Christopher started nursery school yesterday, so I'm now officially a 'school-run mum' and already immersed in the world of sewing on nametapes and remembering PE kit. He was exhausted yesterday evening, so a quick dinner of cottage pie and an early bedtime was in order. He seems to be enjoying it, though, and has talked about little else since going (though he does save time for chatting abour Wallace and Gromit, whose films are the current favori du roi)
Karl and I had friends over for supper last night, a couple Karl knows from work who live relatively close to us. I got together a few 'nibbles' as a starter; olives, some of my quince paste with chunks of Manchego cheese from Ultracomida in Aberystwyth, chorizo sausage and some very moreish paprika-toasted almonds cooked (for about the hundreth time) from the recipe in my copy of the beautiful, evocative Moro cookbook. As the main course, I poked some soft Welsh goat's cheese under the skin of some free-range organic chicken legs, then roasted them on a bed of sliced red onion and halved cherry tomatoes, with a handful of rosemary tips and a good slug of Chardonnay. Hardly a recipe, but delicious nonetheless and a million variations on the theme exist. A pot of rice to go with was the only accompaniment required, and pudding was a plate of my Fabulous Chocolate Brownies.

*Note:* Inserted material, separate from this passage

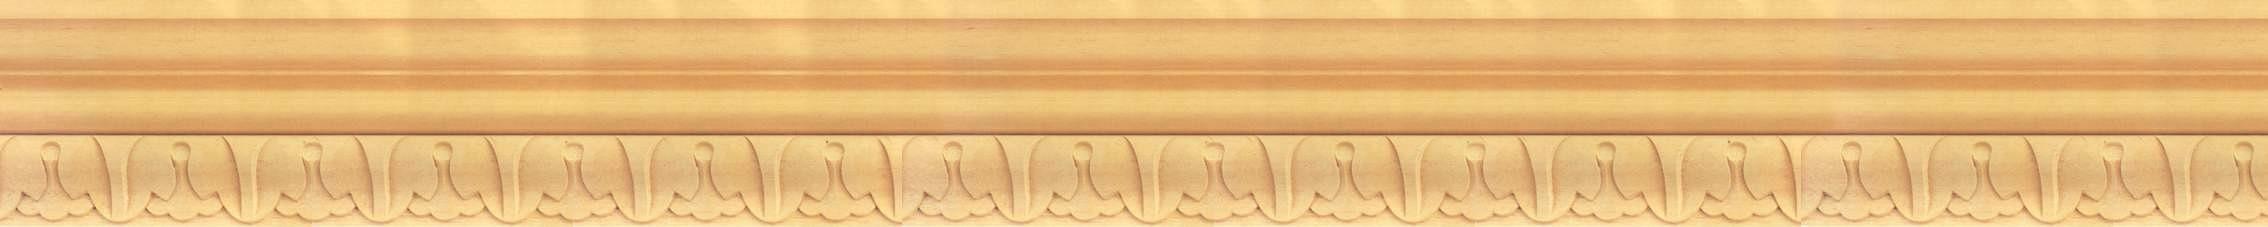 木线贴图素材的图片【645】

Tonight, the boys and I are on our own as Karl has a late shift at work, so dinner was a simple affair, Pan Haggerty with a bowl of grated raw carrot as a side dish. I first cooked Pan Haggerty, a traditional Lancashire dish with a wonderful name, after reading about it in William Black's wonderful The Land that Thyme Forgot, and have since found it to be a wonderful, easy family supper. It's one of those 'storecupboard affair that you can easily rely on and only needs about 10 minutes of 'hands-on' work. My Hubby (Yorkshire born and bred) easily overlooks its white-rose roots because it is so yummy. Try if you can, to get a 'tasty' rather than a 'creamy' Lancashire, as the texture and flavour are far better for this dish. You can use whatever size of pan you need to cook for the number of folk you've got to feed - pan haggerty is definitely a stretchable feast! Just remember that it will take longer to cook the more layers you have.
butter and oil
potatoes, peeled and sliced
onions, halved and sliced
Lancashire cheese (and see above)
Heat a good-sized knob of butter and a splash of vegetable oil in a pan. Layer potatoes and onions in the pan with crumbled or grated cheese and plenty of seasoning. Tightly cover the pan and cook over a moderate heat for 20 minutes or so, until the potatoes are tender. Put the (uncovered) pan under a blazing grill to brown the top and serve straight from the pan at the table.